= Unorganized machine =

An unorganized machine is a concept mentioned in a 1948 report by Alan Turing titled "Intelligent Machinery", in which he suggested that the infant human cortex was what he called an "unorganised machine". It remained unpublished until 1969.

==Overview==
Turing defined the class of unorganized machines as largely random in their initial construction, but capable of being trained to perform particular tasks. Turing's unorganized machines were in fact very early examples of randomly connected, binary neural networks, and Turing claimed that these were the simplest possible model of the nervous system.
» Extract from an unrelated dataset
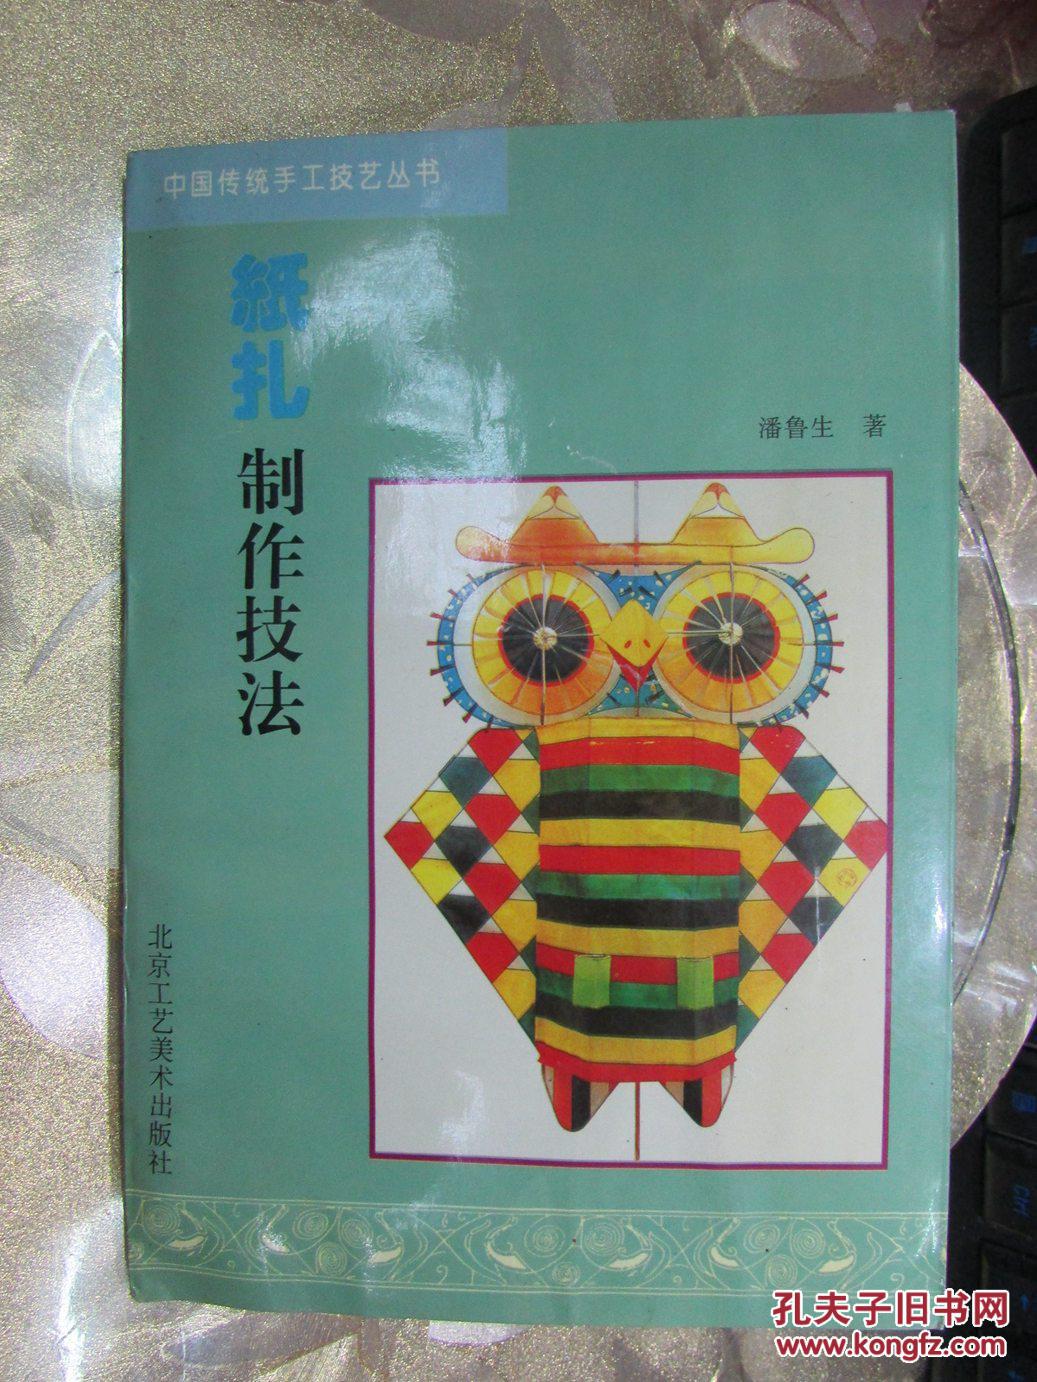 中国传统手工技艺丛书:纸扎制作技法图片
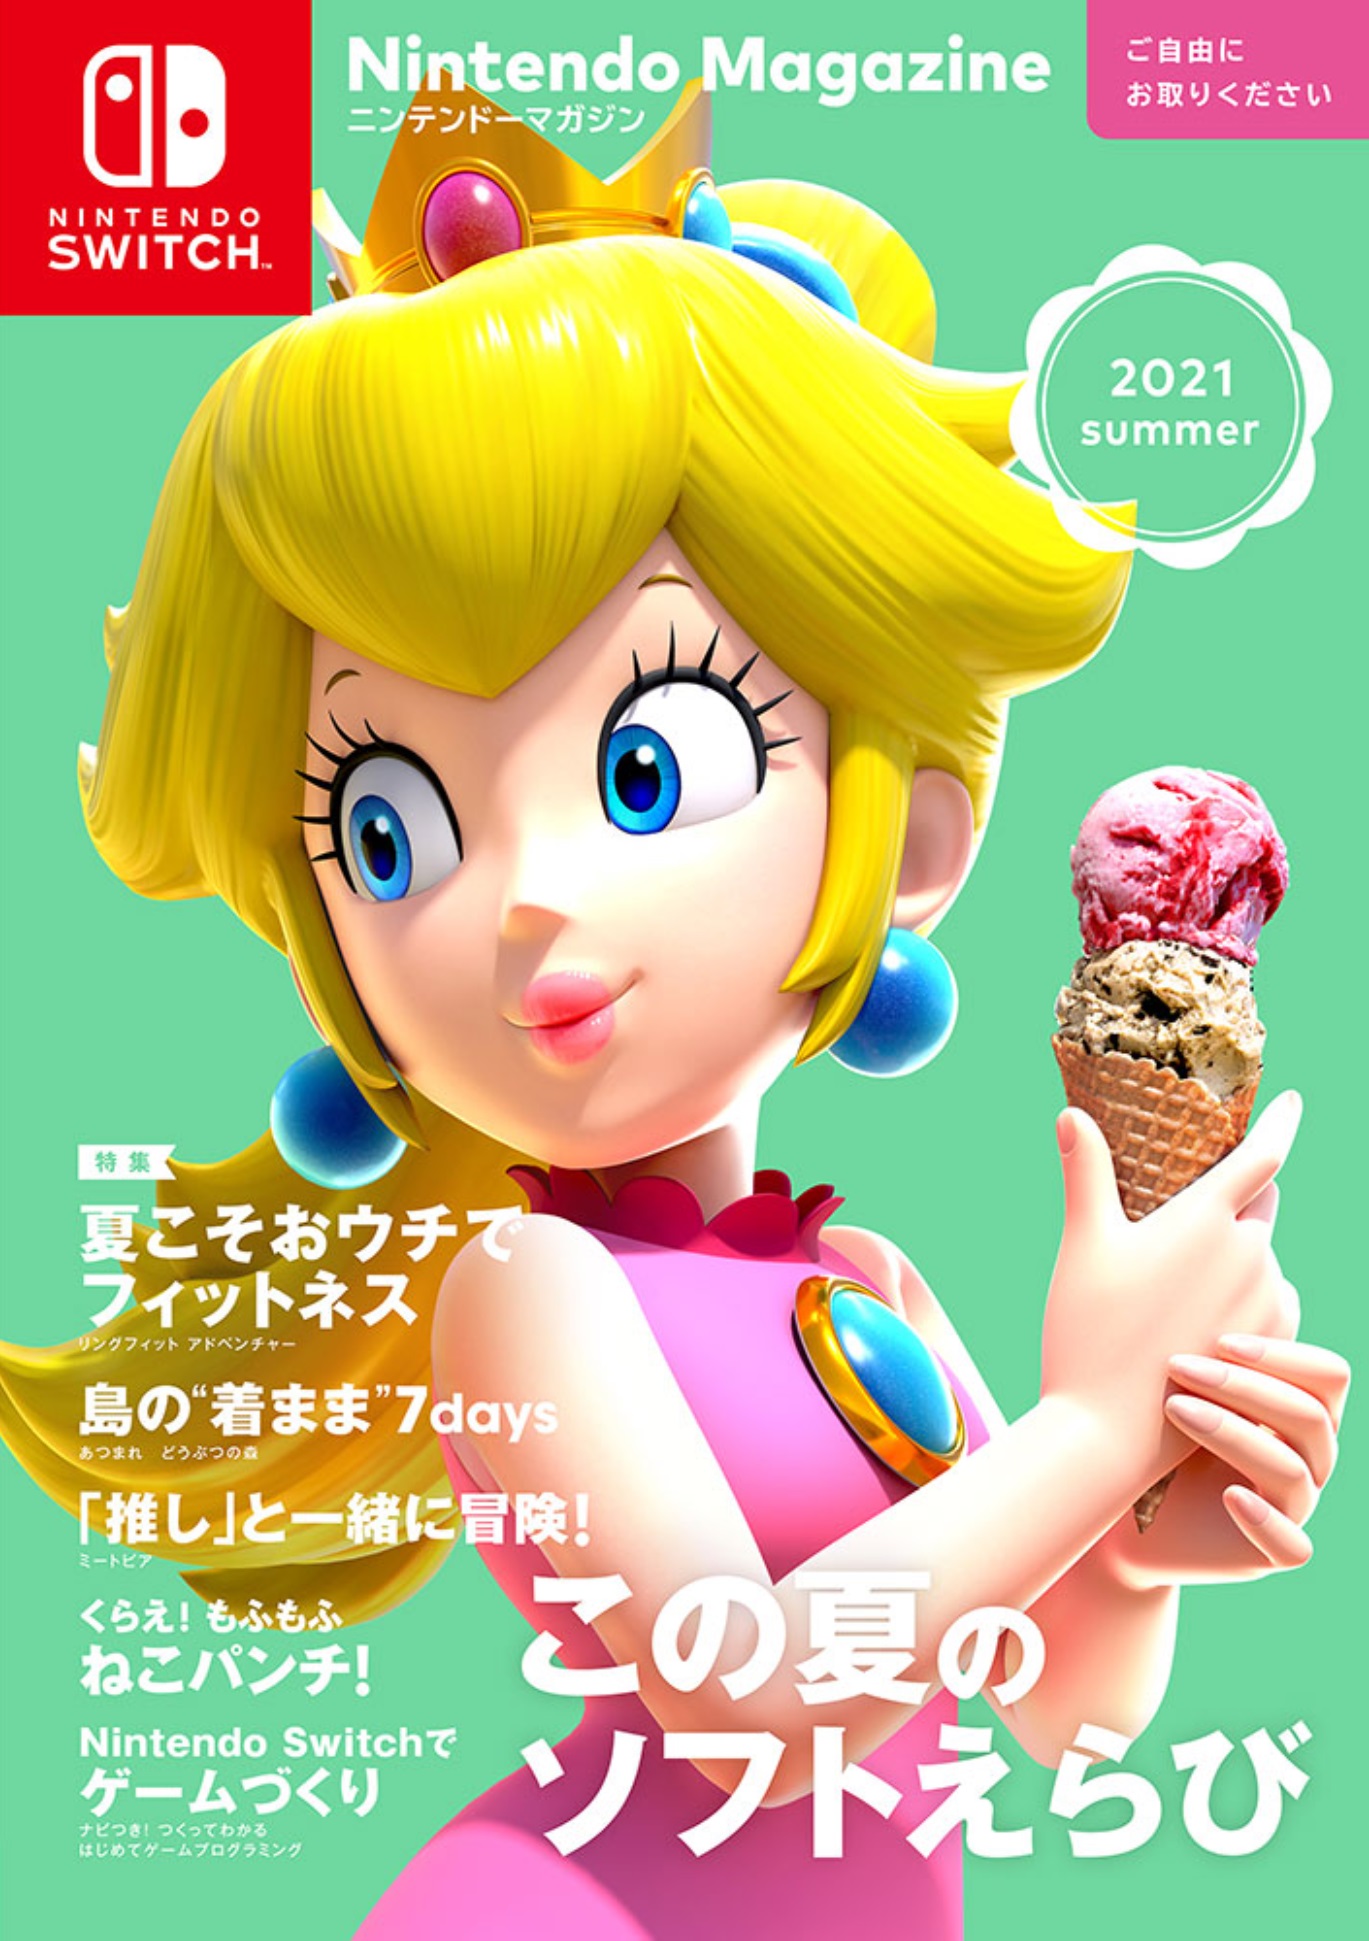 任天堂在官方雜誌「Nintendo Magazine 2021 Summer」中推薦 12 款遊戲。

Turing had been interested in the possibility of simulating neural systems for at least the previous two years. In correspondence with William Ross Ashby in 1946 he writes:

I am more interested in the possibility of producing models of the action of the brain than in the applications to practical computing...although the brain may in fact operate by changing its neuron circuits by the growth of axons and dendrites, we could nevertheless make a model, within the ACE, in which this possibility was allowed for, but in which the actual construction of the ACE did not alter, but only the remembered data

In his 1948 paper Turing defined two examples of his unorganized machines. The first were A-type machines — these being essentially randomly connected networks of NAND logic gates. The second were called B-type machines, which could be created by taking an A-type machine and replacing every inter-node connection with a structure called a connection modifier — which itself is made from A-type nodes. The purpose of the connection modifiers were to allow the B-type machine to undergo "appropriate interference, mimicking education" in order to organize the behaviour of the network to perform useful work. Before the term genetic algorithm was coined, Turing even proposed the use of what he called a genetical search to configure his unorganized machines. Turing claimed that the behaviour of B-type machines could be very complex when the number of nodes in the network was large, and stated that the "picture of the cortex as an unorganized machine is very satisfactory from the point of view of evolution and genetics".